We are having our Christmas party at work tomorrow. My boss is to furnish the ham and turkey. He just came in and asked me if he should purchase them today and would they be thawed enough to put in the oven tomorrow. I suggested he buy a smoked turkey and a ham ready to eat. I will take them home tonight and make sure they are heated thru before serving. I make cakes and candy to sell at the holidays and just finished all my baking this morning before coming to work. I only have 2 cakes to frost and 2 ginger bread houses to decorate before tomorrow, so the ham and turkey shouldn't be a problem.


----------



## SurviveNthrive (May 20, 2010)

I certainly hope that your coworkers and boss appreciate it! 

It's not a small thing. Some might not say anything and even act as if it doesn't matter, but it does.

One of the fantastic things at work is some folks really put out decorations and have pot lucks and such. It's wonderful for those folks like me who don't decorate but still appreciate the effect. For the first time I commented on it and I realized that my appreciation conveyed mattered to the woman who put so much effort into making things wonderful as well.


----------



## The_Blob (Dec 24, 2008)

SurviveNthrive said:


> For the first time I commented on it and I realized that my appreciation conveyed mattered to the woman who put so much effort into making things wonderful as well.

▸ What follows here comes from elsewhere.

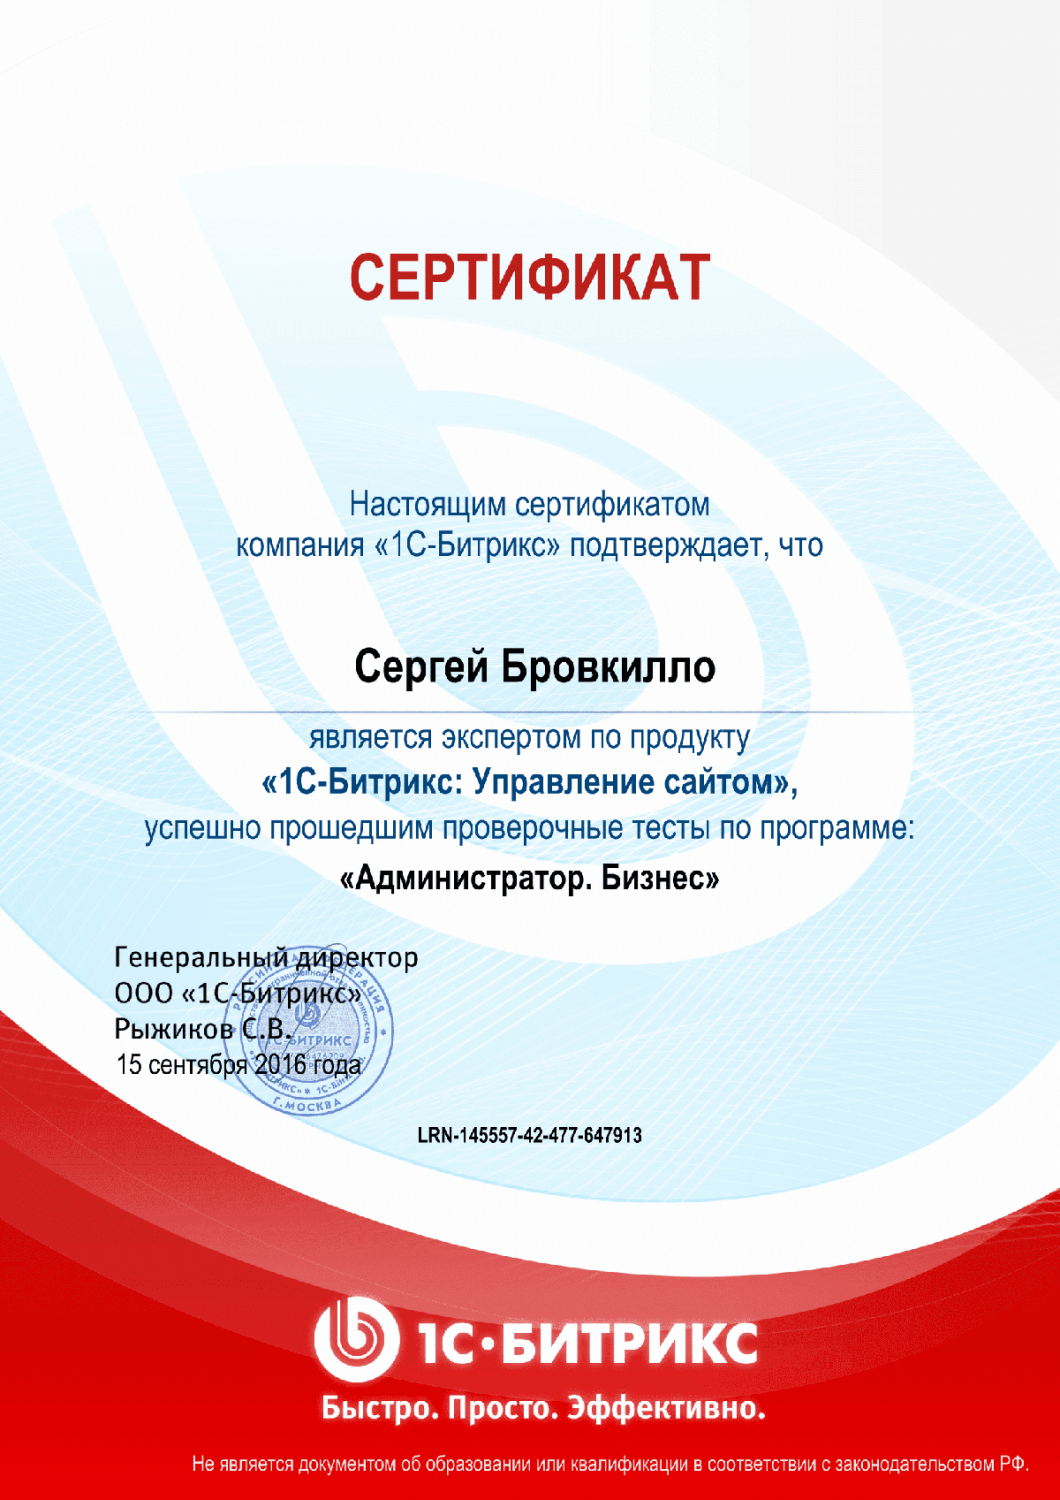 Сертификат эксперта по программе "Администратор. Бизнес" в Саранска

I think that many folks have forgotten that kind words don't cost anything and generally have substantial 'payouts'... :congrat:

let's all *try* to remember that *after* the holidays, I'm going to try


----------



## ComputerGuy (Dec 10, 2010)

We raise our own turkeys. The last one we named Thanksgiving! We raised him for a party and were politely told that the ladies preferred a "real" turkey from the store. WTF. We took care of business and he dressed out at 26lbs 4 oz.

Christmas will be a tad smaller. I am estimating 21 lbs.

We raised them from chicks


----------



## lotsoflead (Jul 25, 2010)

we took out a turkey, a couple rabbits, a pork shoulder and a few venison steaks.


----------



## Sonnyjim (Sep 17, 2009)

We have 10 turkey $ from our local store. Now to find a nice small turkey.


----------



## catsraven (Jan 25, 2010)

We are having Cornish hens. Im going to put them in the rotisserie.


----------



## sailaway (Mar 12, 2009)

catsraven said:


> We are having Cornish hens. Im going to put them in the rotisserie.


I love Cornish Hens, bonne appitite!


----------